Red cooking, also called Chinese stewing, red stewing, red braising, or flavor potting, is a slow braising Chinese cooking technique that imparts a reddish-brown coloration to the prepared food.

There are two types of red cooking:
Hongshao (): can be done in less than 20 minutes and usually does not require much water
Lu (): usually requires prolonged cooking of up to several hours and the items must be submerged in the cooking liquid.

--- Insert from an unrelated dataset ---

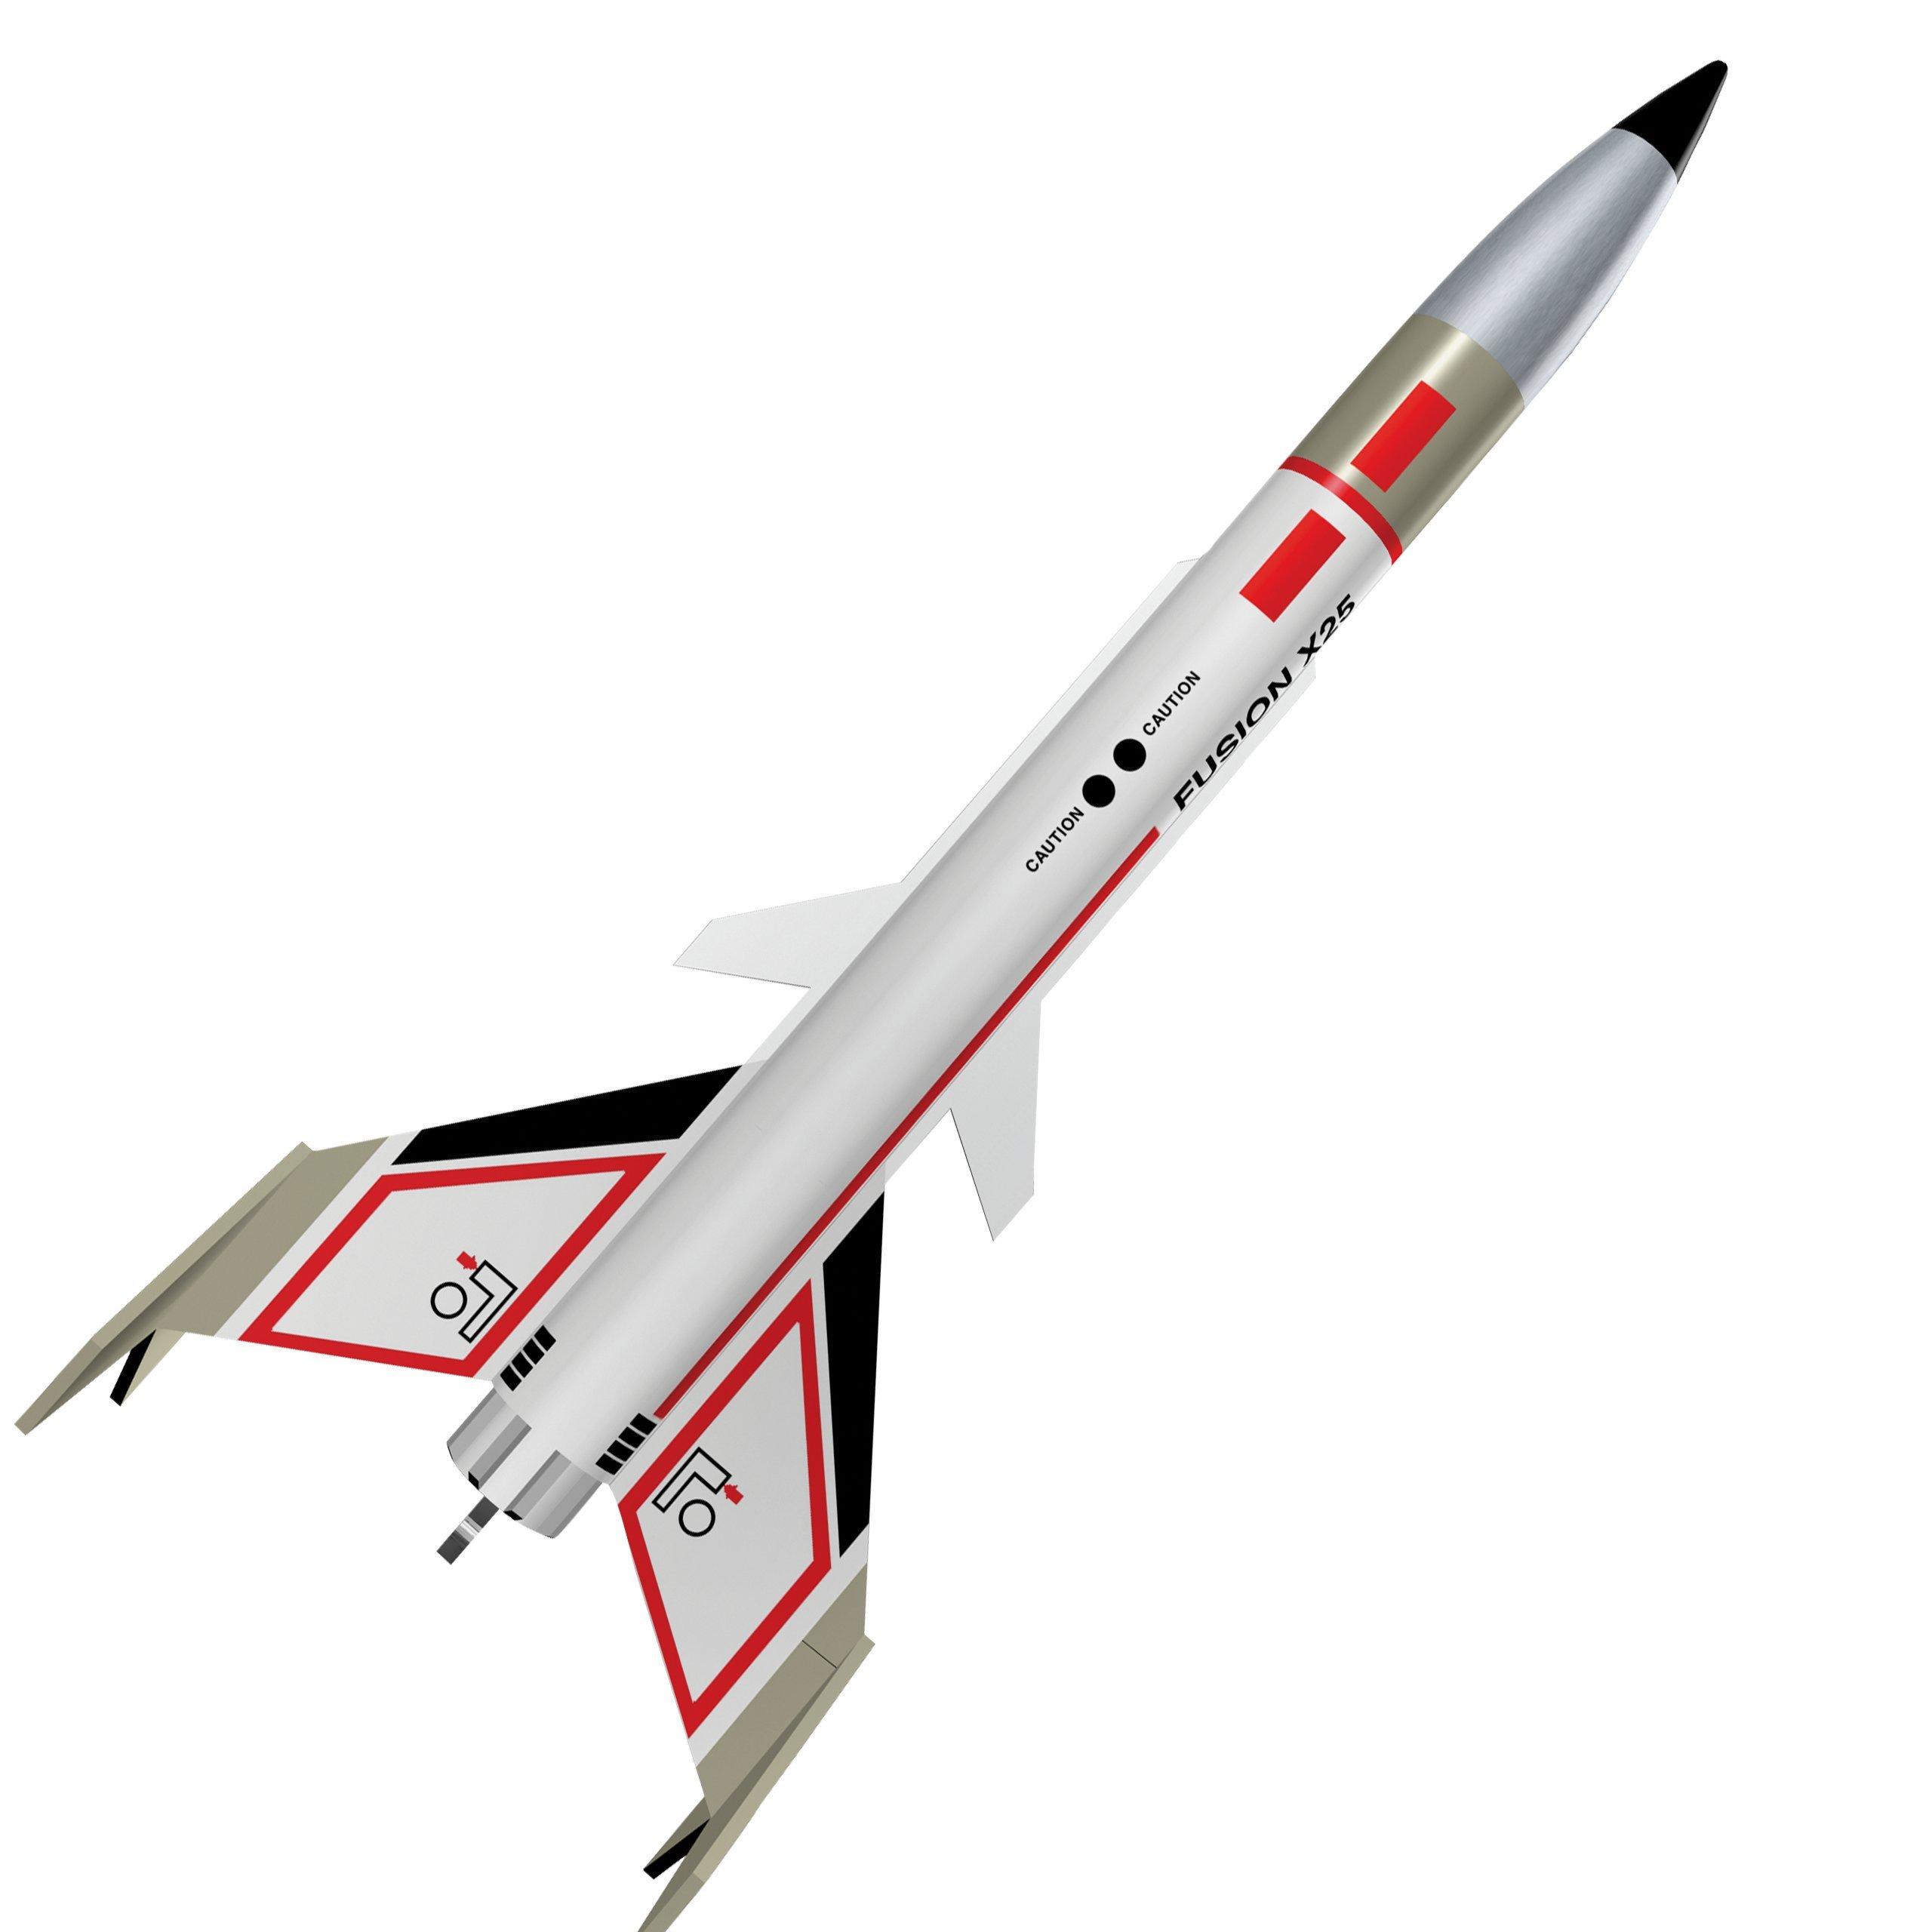 Estes Fusion X25 Model Rocket Kit

Red cooking is popular throughout most of northern, eastern, and southeastern China. The name is derived from the dark red-brown coloration of the cooked items and its sauce.

Types

Soy sauce (usually a mix of light and dark soy sauce), fermented bean paste, red fermented tofu or rock sugar is commonly used to both flavor and impart a reddish brown hue to the items being cooked. Food coloring is sometimes added for a more intense red coloration. Both lu and hongshao are forms of stewing or braising characterized by usage of soy sauce, Chinese rice wine (Shaoxing wine, huangjiu etc.) and rock sugar. Whole spices (star anise, black cardamom (caoguo), cassia, and/or fennel seeds) or five-spice powder are crucial elements in these dishes but are used in moderation so that their flavors do not overwhelm the main ingredients.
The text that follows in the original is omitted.